Zhang Jun, Hua Zhengshuang, Huang Zebo, Chen QiZhu, Long Qingyun, Craik David J, Baker Alan J M, Shu Wensheng, Liao Bin
School of Biosciences and Biopharmaceutics, Guangdong Province Key Laboratory for Biotechnology Drug Candidates, Guangdong Pharmaceutical University, Guangzhou, 510006, China,
Planta. 2015 Apr;241(4):929-40. doi: 10.1007/s00425-014-2229-5. Epub 2014 Dec 21.
Two high-throughput tools harvest hundreds of novel cyclotides and analogues in plants. Cyclotides are gene-encoded backbone-cyclized polypeptides displaying a diverse range of bioactivities associated with plant defense. However, genome-scale or database-scale evaluations of cyclotides have been rare so far. Here, a novel time-efficient Perl program, CyPerl, was developed for searching cyclotides from predicted ORFs of 34 available plant genomes and existing plant protein sequences from Genbank databases. CyPerl-isolated sequences were further analyzed by removing repeats, evaluating their cysteine-distributed regions (CDRs) and comparing with CyBase-collected cyclotides in a user-friendly Excel (Microsoft Office) template, CyExcel. After genome-screening, 186 ORFs containing 145 unique cyclotide analogues were identified by CyPerl and CyExcel from 30 plant genomes tested from 10 plant families. Phaseolus vulgaris and Zea mays were the richest two species containing cyclotide analogues in the plants tested. After screening protein databases, 266 unique cyclotides and analogues were identified from seven plant families.

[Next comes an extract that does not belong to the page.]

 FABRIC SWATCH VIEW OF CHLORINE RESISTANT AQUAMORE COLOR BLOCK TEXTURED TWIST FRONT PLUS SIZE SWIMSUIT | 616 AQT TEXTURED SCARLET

By merging with 288 unique CyBase-listed cyclotides, 510 unique cyclotides and analogues were obtained from 13 plant families. In total, seven novel plant families containing cyclotide analogues and 202 novel cyclotide analogues were identified in this study. This study has established two Blast-independent tools for screening cyclotides from plant genomes and protein databases, and has also significantly widened the plant distribution and sequence diversity of cyclotides and their analogues.

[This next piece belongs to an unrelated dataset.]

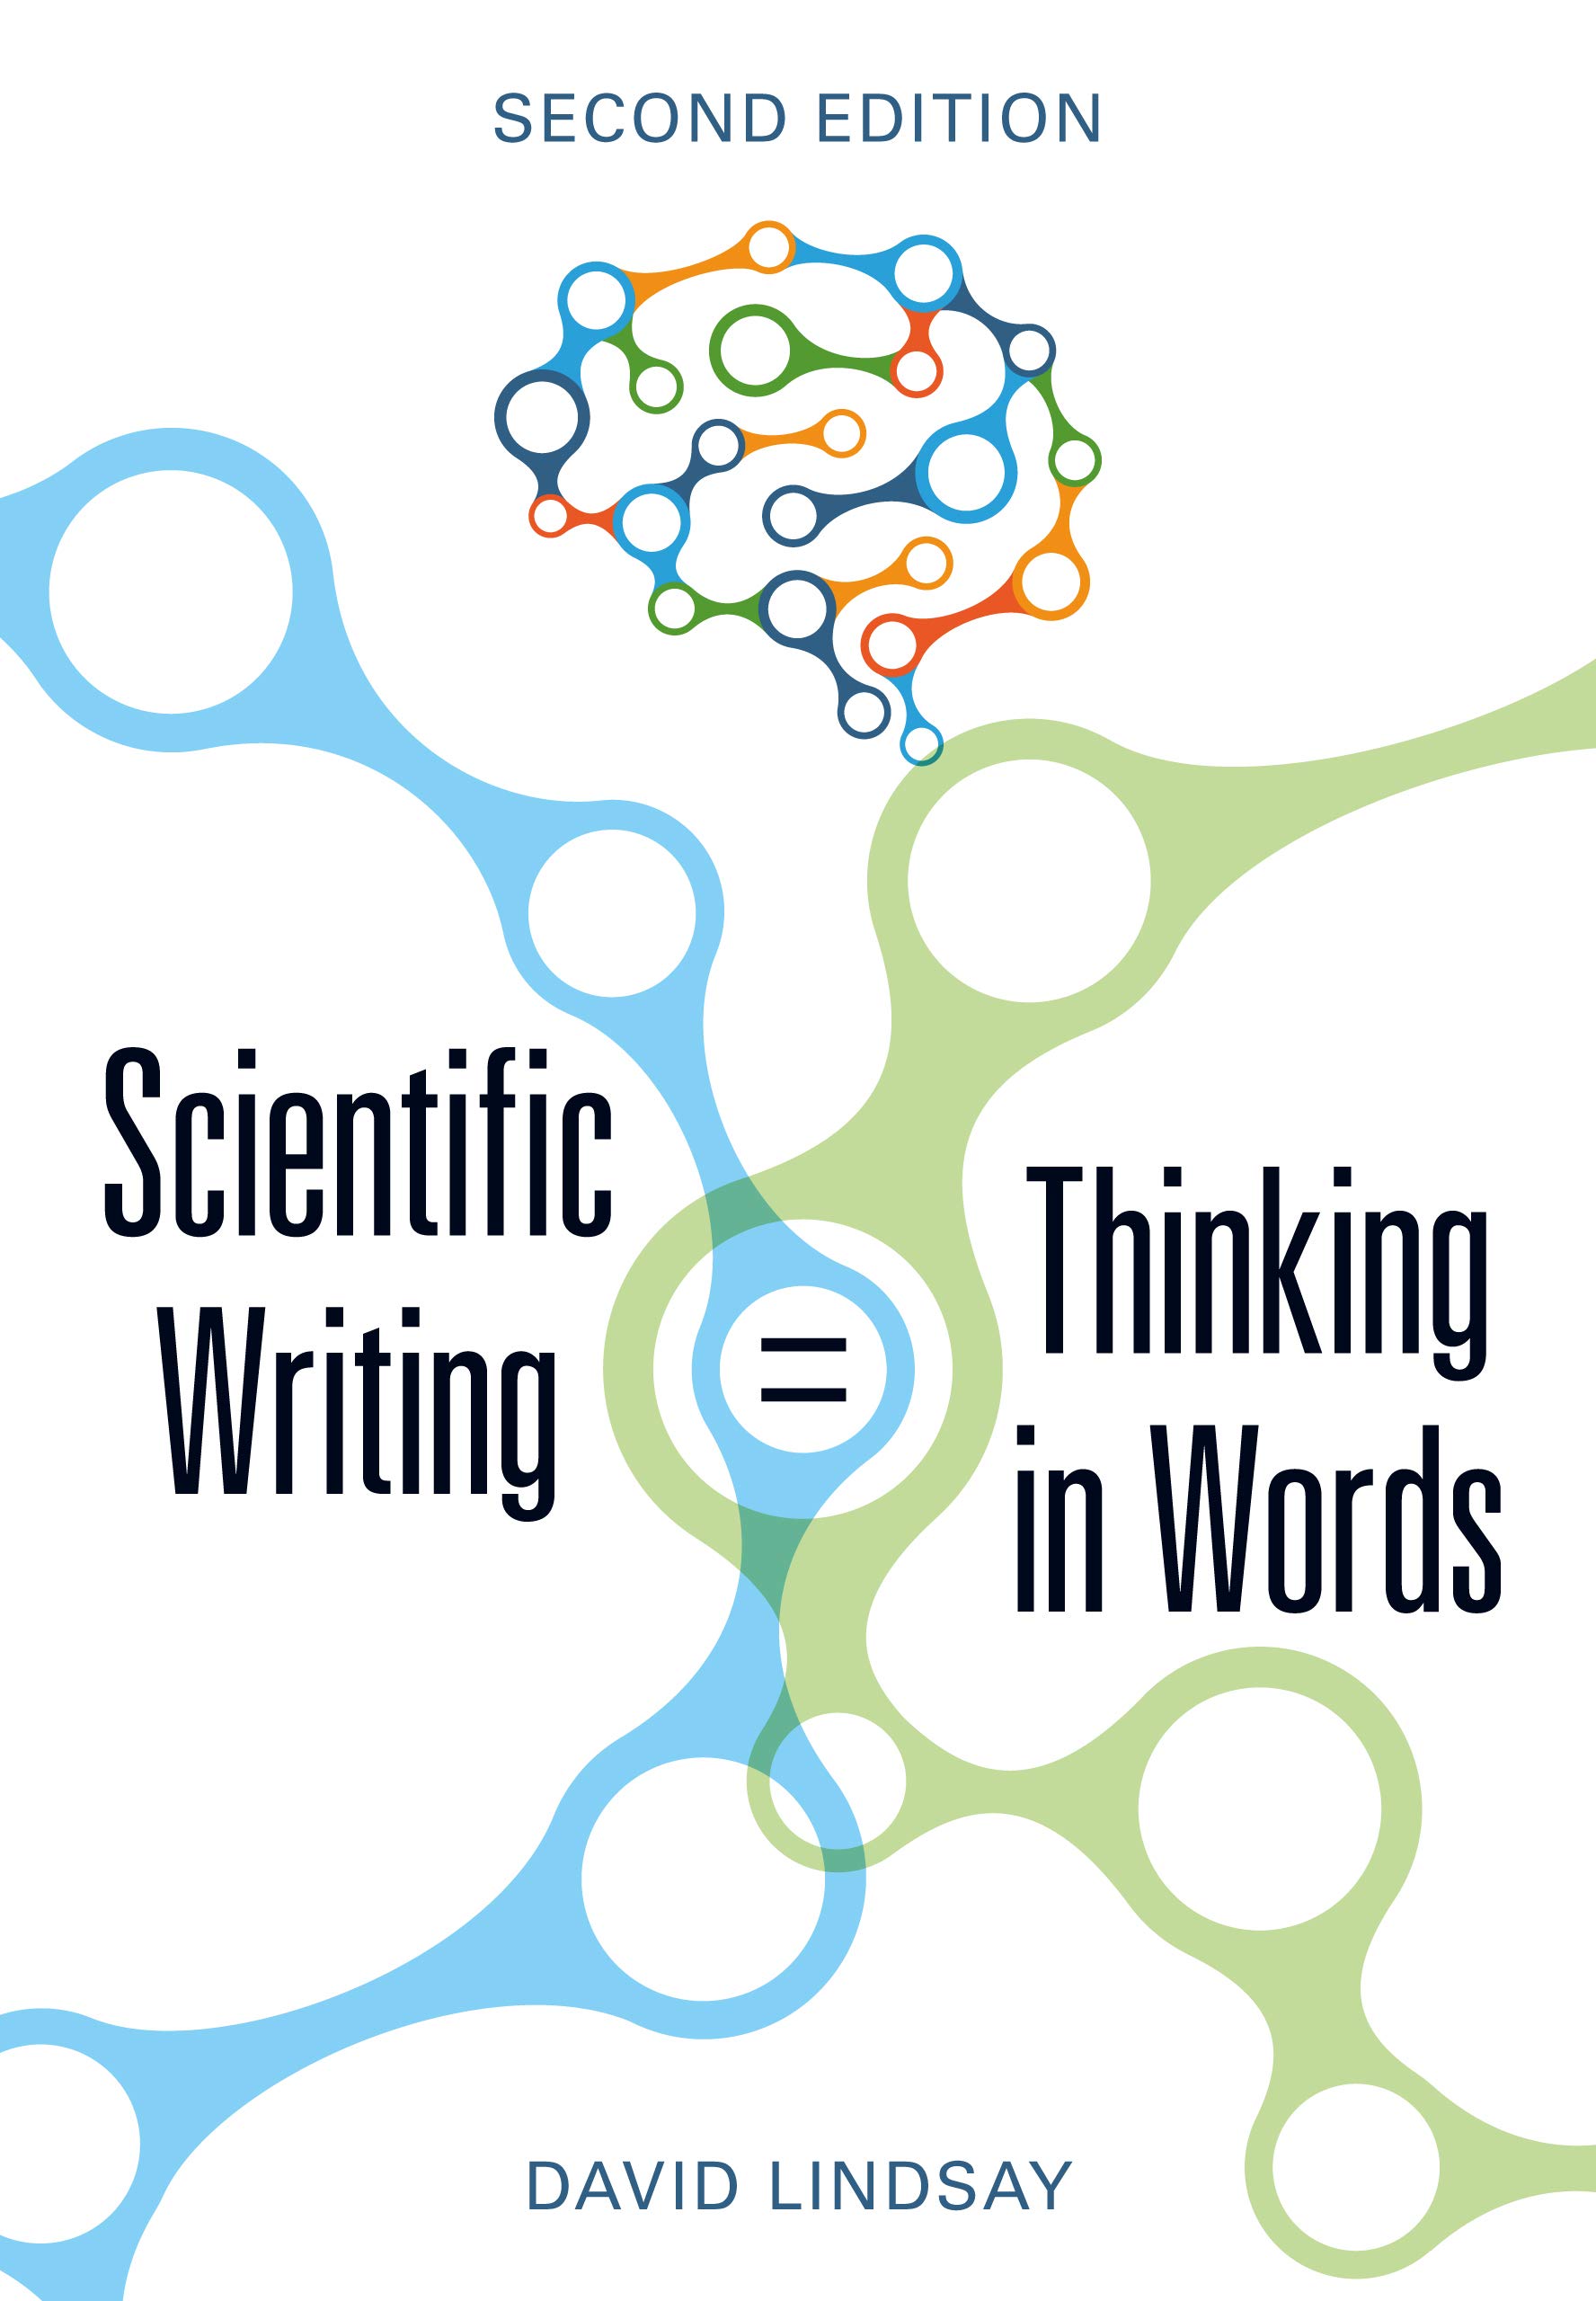 Scientific Writing = Thinking in Words | David Lindsay

两种高通量工具从植物中收获了数百种新型环肽及其类似物。环肽是基因编码的骨架环化多肽,具有与植物防御相关的多种生物活性。然而,迄今为止,对环肽进行基因组规模或数据库规模的评估还很少见。在此,开发了一种新颖的高效Perl程序CyPerl,用于从34个可用植物基因组的预测开放阅读框(ORF)和Genbank数据库中的现有植物蛋白质序列中搜索环肽。通过去除重复序列、评估其半胱氨酸分布区域(CDR)并在用户友好的Excel(Microsoft Office)模板CyExcel中与CyBase收集的环肽进行比较,对CyPerl分离的序列进行进一步分析。经过基因组筛选,通过CyPerl和CyExcel从10个植物科测试的30个植物基因组中鉴定出186个包含145种独特环肽类似物的开放阅读框。菜豆和玉米是测试植物中含环肽类似物最丰富的两个物种。在筛选蛋白质数据库后,从7个植物科中鉴定出266种独特的环肽及其类似物。通过与CyBase列出的288种独特环肽合并,从13个植物科中获得了510种独特的环肽及其类似物。在本研究中,总共鉴定出7个含有环肽类似物的新植物科和202种新型环肽类似物。本研究建立了两种独立于Blast的工具,用于从植物基因组和蛋白质数据库中筛选环肽,同时也显著拓宽了环肽及其类似物的植物分布范围和序列多样性。